What is a secondary index?

A secondary index (SI) is a data structure that locates all the records in a namespace, or a set within it, based on a bin value in the record. When a value is updated in the indexed record, the secondary index automatically updates. In the Aerospike Database server 6.0, SI query results are unaffected by the state of the cluster. Querying by partition returns correct results when the cluster is stable, and during data migration after a cluster size change. In server 6.0, compatible clients such as Java client 6.0, are needed to support rebalance-tolerant queries. Applications that benefit from secondary indexes include rich, interactive business applications and user-facing analytic applications. Secondary indexes also enable Business Intelligence tools and ad-hoc queries on operational datasets.

Why Use a Secondary Index?

Scanning large amounts of data can take large amounts of time, and can negatively affect performance when SI queries scan every document or entry in a table.

Querying large amounts of data by reading every document or entry in a table is expensive in time and performance. Aerospike secondary indexes guarantee faster response times because they provide efficient access to a wider range of data through fields other than the primary key.

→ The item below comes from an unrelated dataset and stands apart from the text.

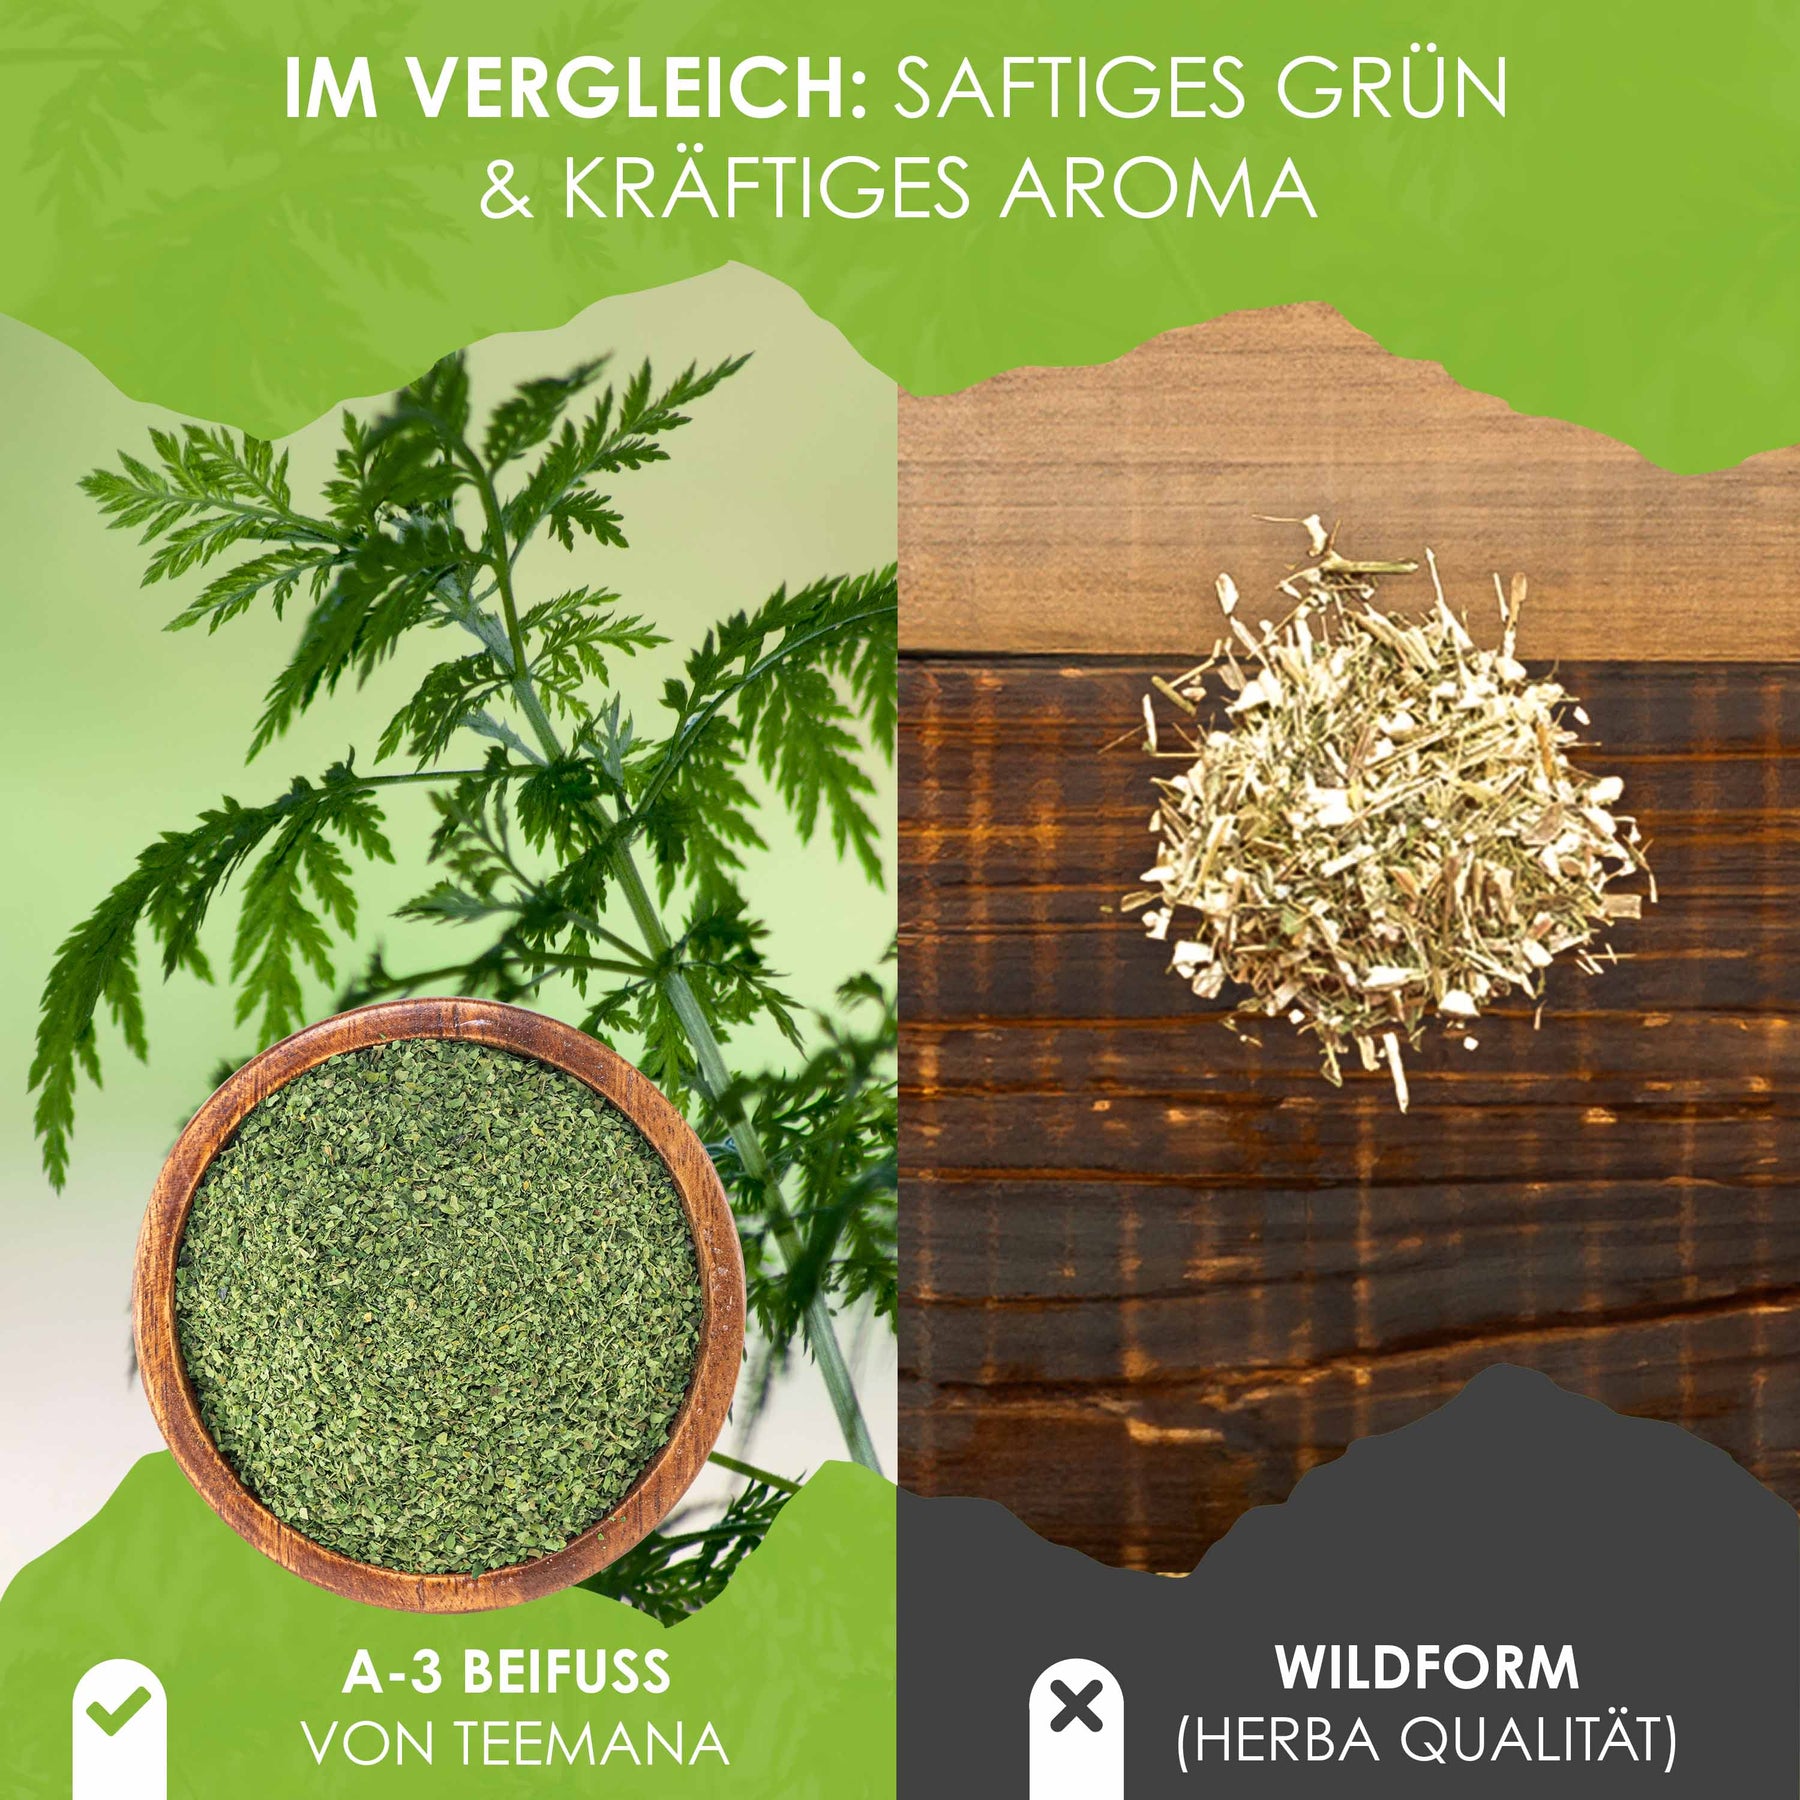 Artemisia annua anamed (A-3) leaf powder
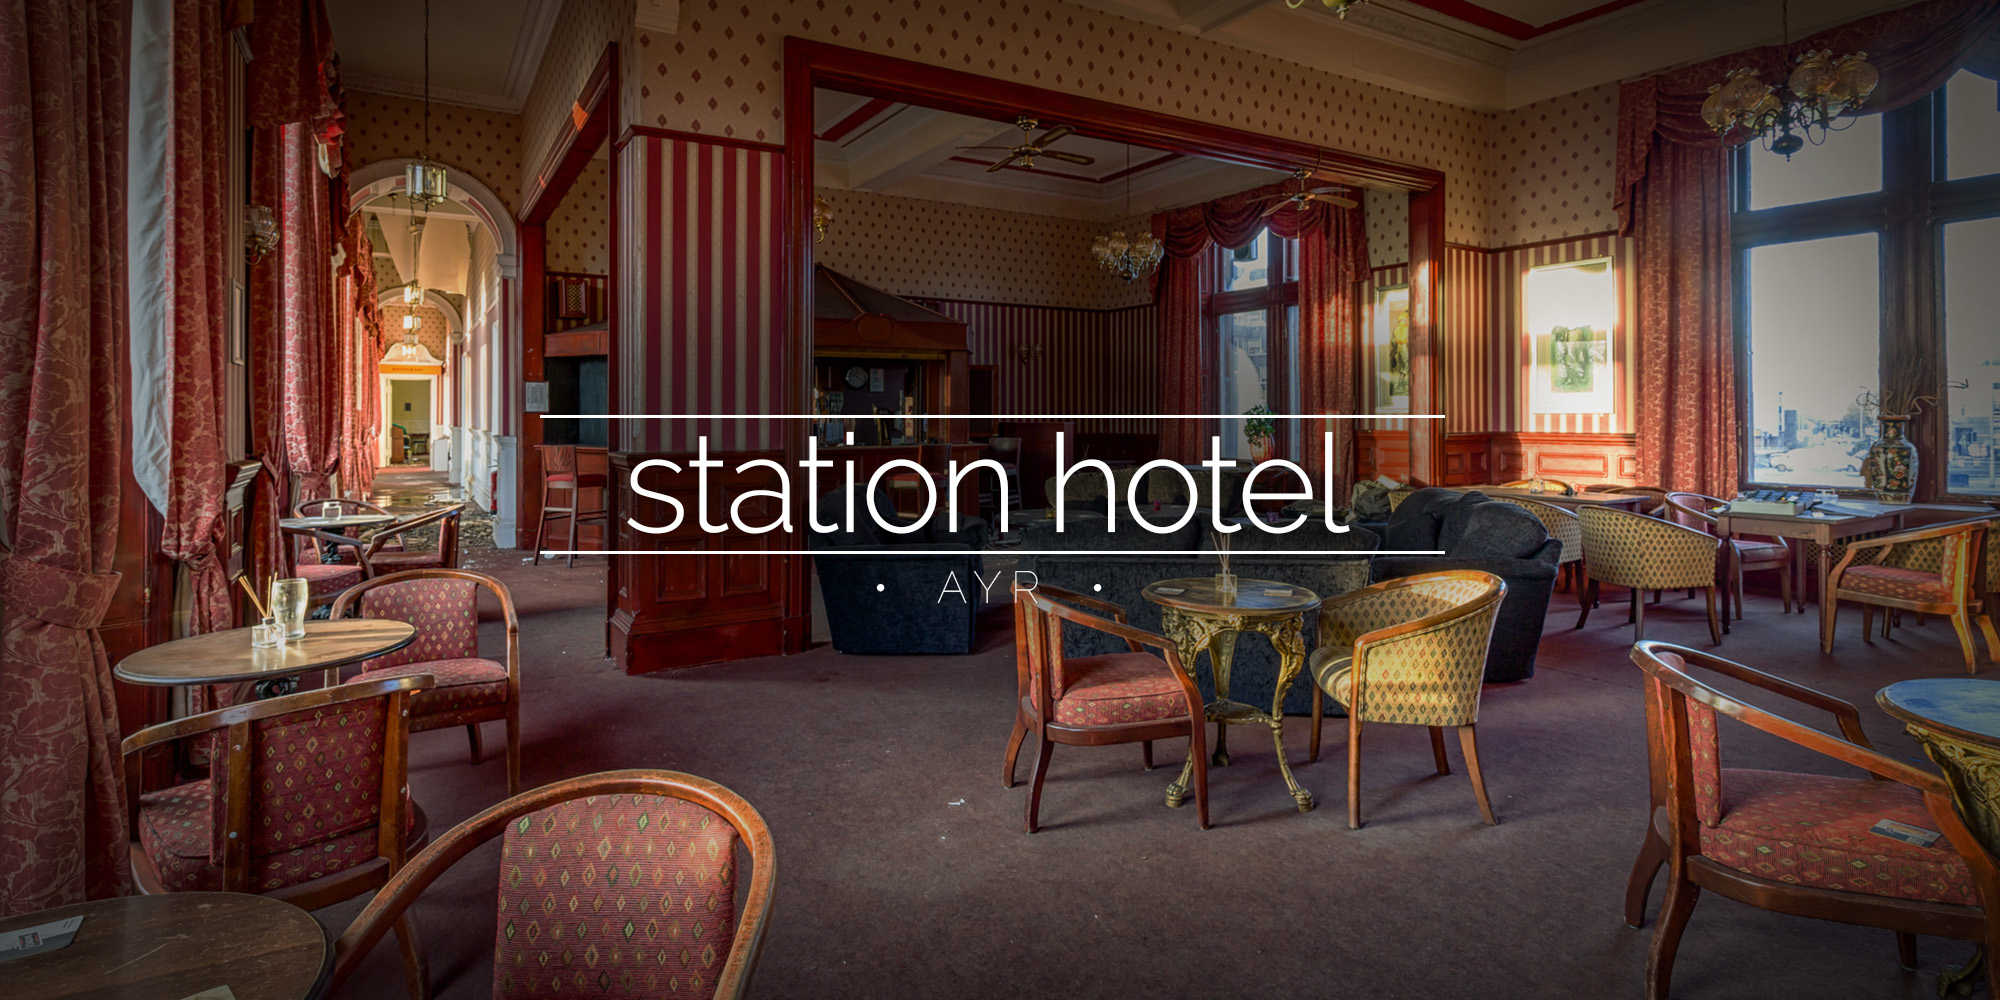 Station Hotel, Ayr

Aerospike secondary indexes:

  • Are stored in the Dynamic Random Access Memory (DRAM) for fast look-up.
  • Are built on every node in the cluster and are co-located with the primary index. Each secondary index entry contains only references to records local to the node.
  • Contain pointers to both master records and replicated records in the node.
  • Are on a bin value, which allows to model one-to-many relationships.
  • Are specified bin-by-bin (such as, with Rational Database Management System (RDBMS) columns) for efficient updates and a minimal amount of resources required to store indexes. Use Aerospike tools or the API to dynamically create and remove indexes based on bins and data types. Index entries are type checked. For instance, a bin can store a user age as a string by one application, and as an integer by another. An integer index excludes records stored as a string, while a string index excludes records stored as integers.

Secondary Index Metadata

Secondary indexes triggered from SMD

Aerospike tracks which indexes are created in a globally-maintained data structure: the System Metadata (SMD) system. The SMD module resides in the middle of multiple secondary index modules on multiple nodes. Changes made to the secondary index are always triggered from the SMD.

SMD workflow:

  1. An info request send from a client to any node forwards an SMD action, and then to the SMD principal node.
  2. From the SMD principal node, it forwards the action to every node, where the SMD module notifies the sindex module.
  3. All nodes apply the action, that is, it triggers the building of a new sindex.

Secondary Index Creation

You can dynamically create, read, and delete secondary indexes with the Aerospike asadm tool. To build a secondary index, specify a namespace, set, bin, container type (none, list, map-keys, and map-values), and data type (integer, string, Geospatial). On confirmation by the SMD, each node creates the secondary index in write-only (WO) mode, and starts a background scan to scan all data and insert entries in the secondary index.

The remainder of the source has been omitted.